Being in one of these funds can really be costly. How costly?

  • About 1.7 million MySuper accounts have been undermined by what the Productivity Commission calls "serial underperformance".
  • A typical full-time worker entering the workforce today would have a balance 36% lower (or $375,000 less) by the time they retire than a worker in a fund making average returns.
  • If you're working for a small business and haven't chosen your own super fund, chances are greater that you'll end up in an underperforming fund.
  • At the moment, there's no process in place to get rid of underperforming funds.

How to take charge:

  • Check your fund's annual report and see how its returns stack up against the 5.7% benchmark.
  • Look for long-term performance of around five years at minimum – not just one comparatively good or bad year.
  • There are a number of services that rate super fund performance: Canstar, ChantWest, Morningstar, RateCity, SelectingSuper and SuperSavvy, for example. Since they all use slightly different methodologies, take the figures as indicative – and be sure they include fees.
  • If your fund consistently comes up as a low performer over the long term, it's time to switch funds.

7. Getting robbed blind

Employers are legally obligated to pay a 9.5% portion of your pay package to your superannuation account, but that doesn't mean they all abide by the law. Cases of unpaid super are many, and getting your money back can be difficult – especially if the business doesn't exist anymore and the money is basically gone.

No one's really sure how much super has gone unpaid. The Productivity Commission put the estimate at $2.8 billion a year in April 2018.

And in a 2017 statement drawing on data from the 2013–14 financial year, the industry fund peak body Industry Super Australia estimated that about one-third of Australian employees are missing out on some or all of their super payments. 

According to Industry Super Australia, 2.76 million people were underpaid by an average of $2025 each in 2013–14

How to take charge:

  • Log in regularly to your super fund's website and check your account to make sure the money is going in.
  • If it's not, approach your employer and ask for an explanation, bearing in mind that paying super is a legal obligation.
  • The ATO provides tools to help you estimate your unpaid super and report unpaid super.

What the royal commission showed us

Everybody knows the Australian superannuation system is the greatest gift a nation ever gave to a financial services sector.

Thanks to the Royal Commission into Misconduct in the Banking, Superannuation and Financial Services Industry (aka the banking royal commission), we now also know that we can't really trust the people looking after that system.

Super is the stuff of fantasy for money managers: a huge pot of money, disengaged clients, opaque fee structures, and little if any accountability for performance.

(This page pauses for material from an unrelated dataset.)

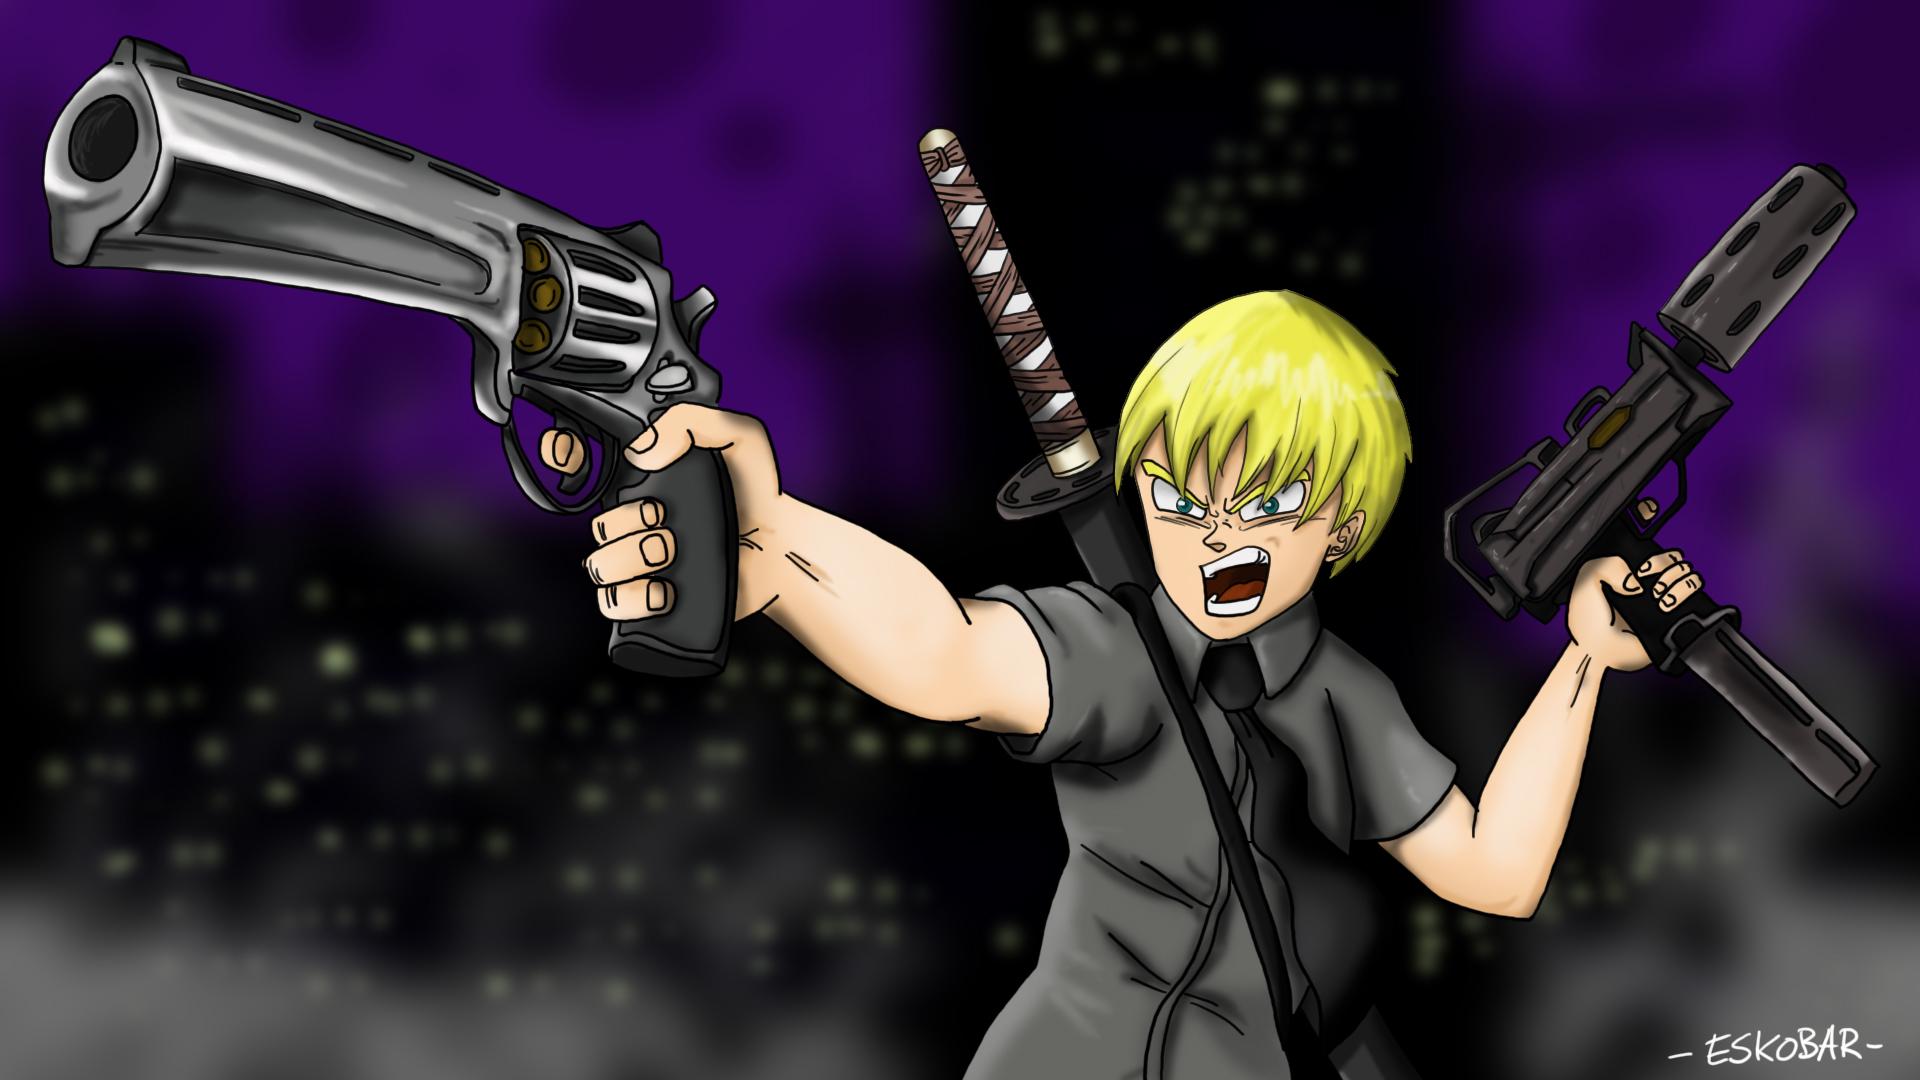 AnimeBoy Katana Wallpaper by artwork-eskobar on DeviantArt

The 9.5% of your salary package that goes to super added up to a collective $2.7 trillion as of June 2018.

That's a lot of money for super fund managers to make hay with.

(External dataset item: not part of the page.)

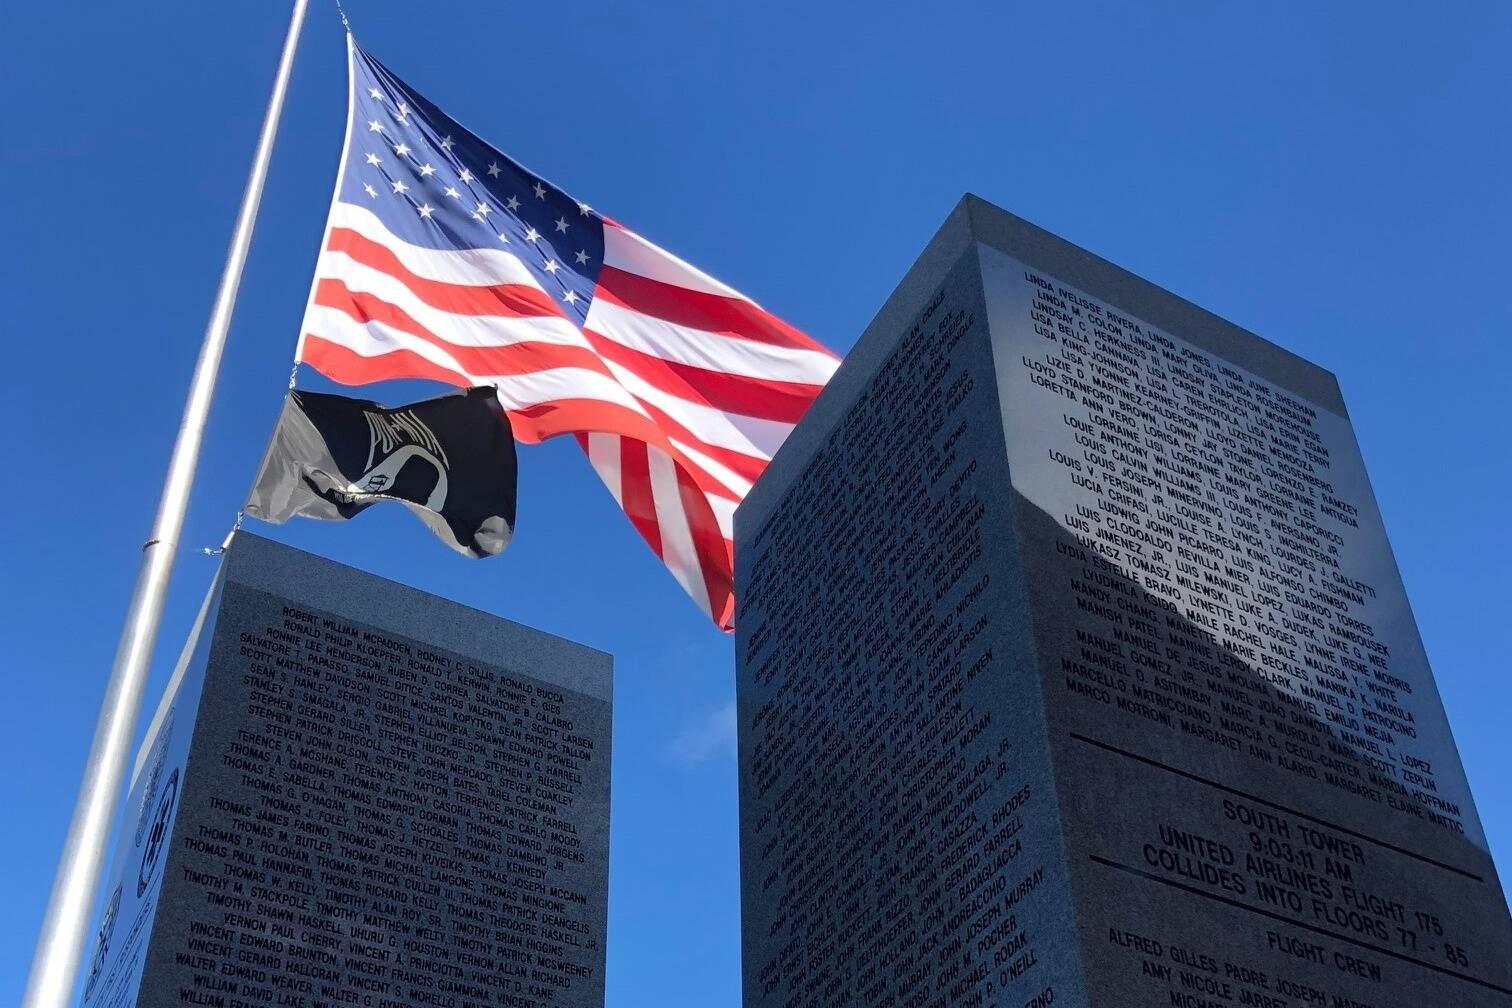 9/11 Memorial in Cashmere, Washington. Photo courtesy of Greg Asimakoupoulos

Not everyone has been poorly served by their super fund, but the many examples of foul play in the superannuation sector that came to light at the banking royal commission in August served as a reminder that blind trust is a bad idea, especially if your money is in a retail super fund owned by a bank (industry super funds fared much better at the royal commission).

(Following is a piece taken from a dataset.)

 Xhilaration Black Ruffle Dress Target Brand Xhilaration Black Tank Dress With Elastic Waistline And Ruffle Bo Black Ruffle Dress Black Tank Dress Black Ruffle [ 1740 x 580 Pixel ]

Enough consumers have been wronged that the lawyers are circling: the law firm Slater and Gordon announced in September that it was lining up a class action against Commonwealth Bank-owned Colonial First State and AMP super funds (for starters) on the grounds that they stuck members in high-fee, low- return accounts and owe upwards of $1 billion in compensation.

What to do if you're seeking compensation for bank misconduct

The super funds don't make keeping them honest easy: a CHOICE research project in 2016 found that lack of clear and reliable information is a major impediment to people getting involved in the management of their super.

It also doesn't help that there were 202 major funds to choose from as of June 2018 (not including self-managed super funds).